Michele Avella

Personal information
- Date of birth: 1 May 2000 (age 26)
- Place of birth: Naples, Italy
- Height: 1.86 m (6 ft 1 in)
- Position: Goalkeeper

Team information
- Current team: Renate

Youth career
- 0000–2018: Casertana
- 2016–2017: → Avellino (loan)

Senior career*
- Years: Team / Apps / (Gls)
- 2018–2021: Casertana / 29 / (0)
- 2018–2019: → Matelica (loan) / 38 / (0)
- 2019–2020: → Messina (loan) / 25 / (0)
- 2021–2022: Ancona-Matelica / 27 / (0)
- 2022–2023: Virtus Francavilla / 32 / (0)
- 2023–2024: Frosinone / 0 / (0)
- 2024: → Brescia (loan) / 5 / (0)
- 2024–2025: Brescia / 0 / (0)
- 2025–2026: Palermo / 0 / (0)
- 2026: Guidonia / 9 / (0)
- 2026–: Renate / 0 / (0)

= Michele Avella =

Italian footballer

Michele Avella (born 1 May 2000) is an Italian professional footballer who plays as a goalkeeper for club Renate.

== Club career ==
Born in Naples, Avella started his career in Casertana youth system.
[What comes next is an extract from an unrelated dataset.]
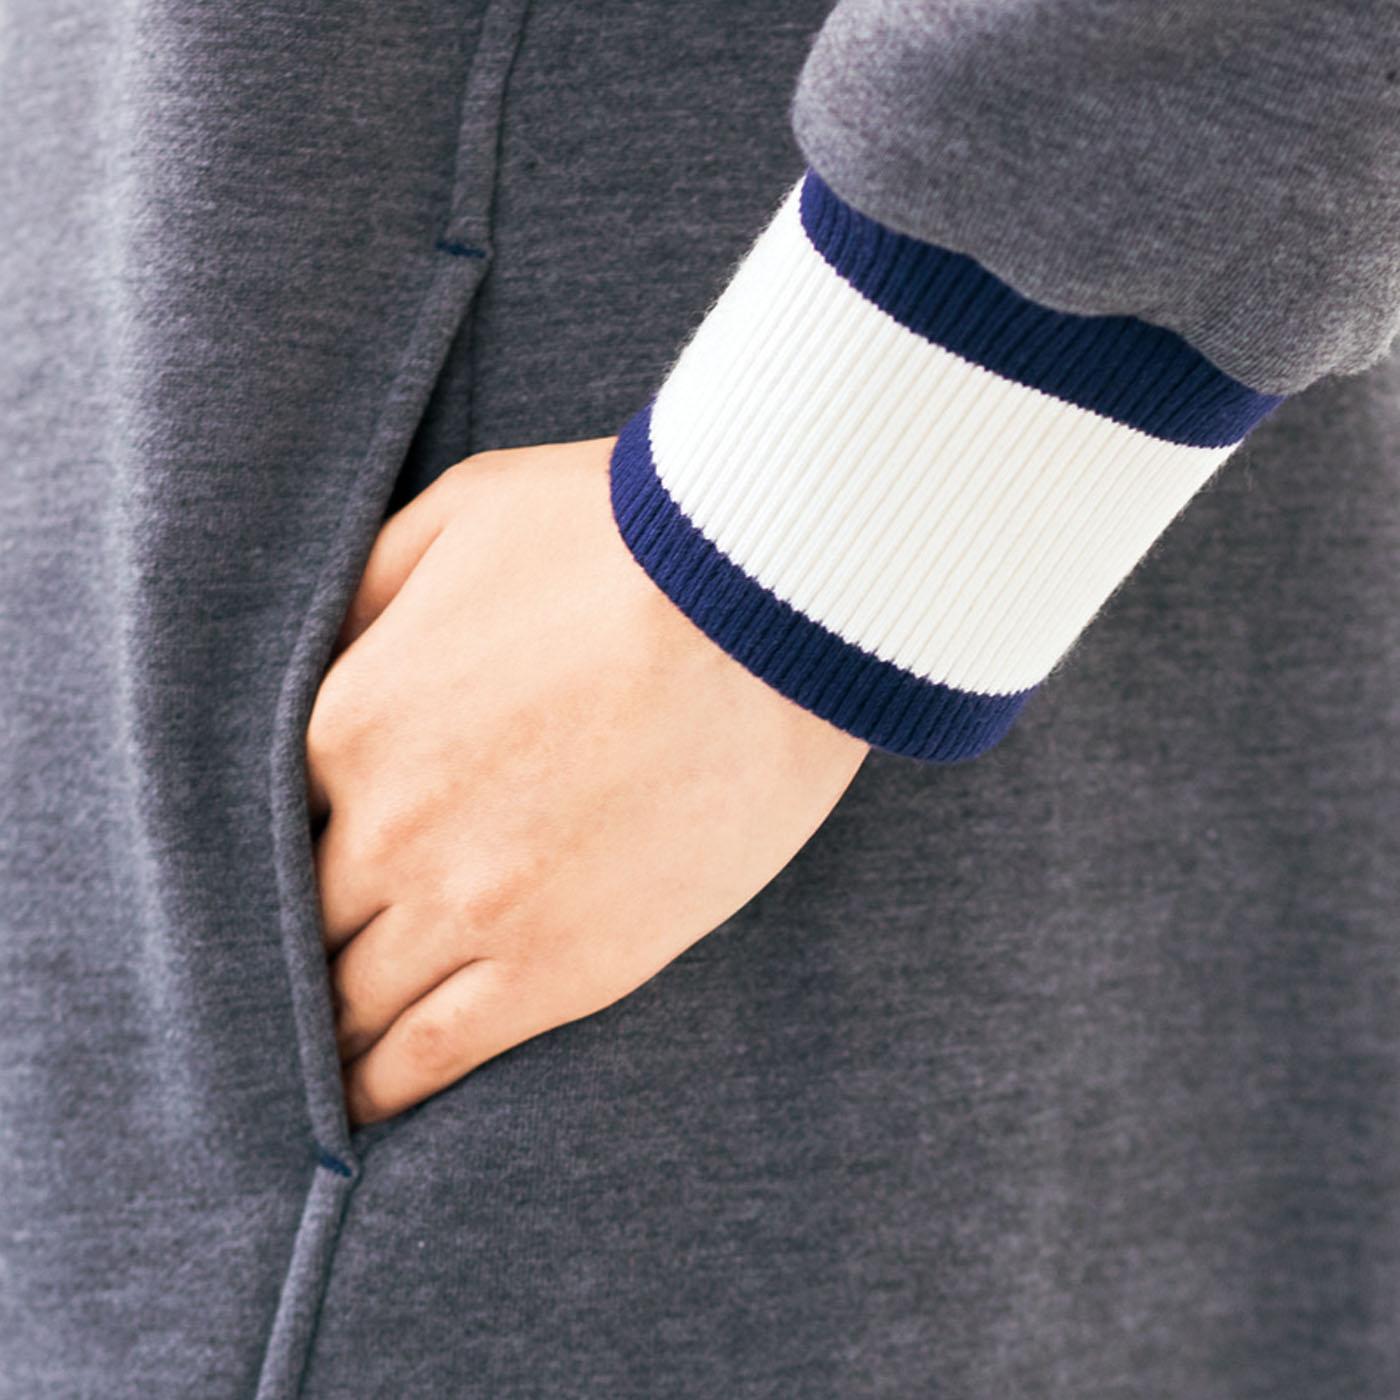 袖口の幅広リブで手首からのすき間風をブロック。たくし上げても袖がずり落ちにくいから、家事をするときも快適。

On 29 July 2019, he was loaned to Serie D club Messina.

On 11 August 2021, he joined Ancona-Matelica.

On 23 June 2022, Avella agreed to a move to Virtus Francavilla.

On 3 January 2024, Avella joined Brescia on loan with an option to buy.

On 12 June 2024, he joined Brescia on permanent basis.

On 6 September 2025, Avella joined Palermo on a free transfer.